Wer sich für eine vegane Lebensweise entscheidet, muss aufgrund der Supplementierungsnotwendigkeit (mindestens B12) eine grundsätzliche Akzeptanz für artifizielle Ernährungskomponenten zeigen. Wem hingegen eine Ernährung mit möglichst naturbelassenen Produkten am Herzen liegt, tut sich mit der Akzeptanz von Zusatzstoffen in Lebensmitteln schwerer – auch wenn es sich um Spurenelemente und Vitamine handelt.
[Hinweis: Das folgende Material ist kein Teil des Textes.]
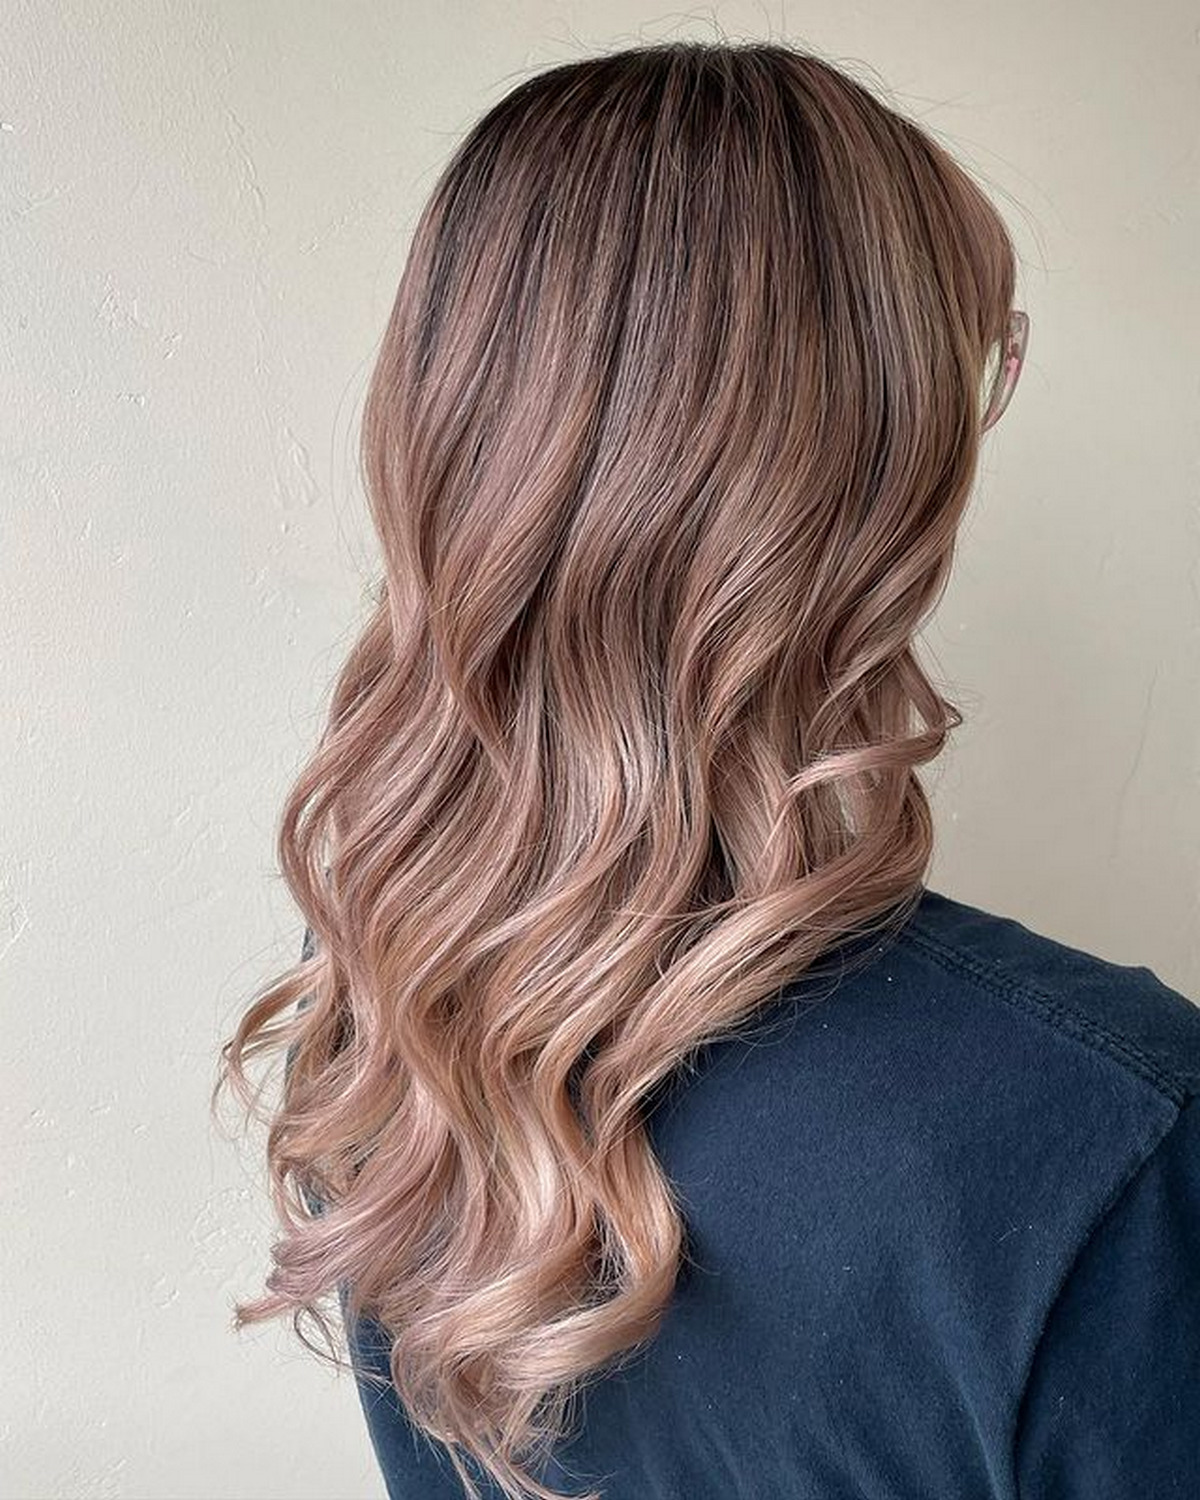 Rosegold Hair With Waves For Medium-Length Hair

Aus dem eruierten europaweit geringen Kaufinteresse an pflanzlichen Milchersatzprodukten lässt sich selbstredend nicht auf eine insgesamt niedrige Bereitschaft der Europäer schließen, verstärkt pflanzliche Produkte in die alltägliche Ernährung einzubauen. Doch zeichnet sich klar ab, dass unzureichende geschmackliche Qualität, zu viele naturferne Zusatzstoffe, ein Mangel an für hochwertig erachteten Komponenten und nicht zuletzt ein aufdringliches Vegan-Marketing Bremsklötze für die Steigerung des Konsuminteresses an neuen pflanzlichen Nahrungskreationen sind.
Besonders außerhalb der deutschen Mentalitätsgrenze reichen Tierwohlaspekte, Umwelt- und Klimaargumente nicht aus, um den Absatz veganer Ersatzprodukte zu steigern, die den Qualitätserwartungen hinsichtlich Geschmack, Mundsensorik und natürlichen Zutaten nicht entsprechen. Überdies darf die derzeit boomende Nachahmungsstrategie, tierische Produkte mit veganen „Plant-Art-Attrappen“ zu kopieren, mehr als infrage gestellt werden. Wer den Menschen einmal außerhalb der kleinen, aber lautstarken Social-Media-Blasen „aufs Maul schaut“ (pardon), wird erkennen, wie sehr die Contradictio in adiecto von veganem Fleisch, Fisch oder Milchprodukt viele verärgert und gegen die insgesamt wünschenswerte Entwicklung arbeitet, zu einer pflanzlich dominierten, um hochwertige tierische Produkte ergänzten Ernährungsweise zu gelangen.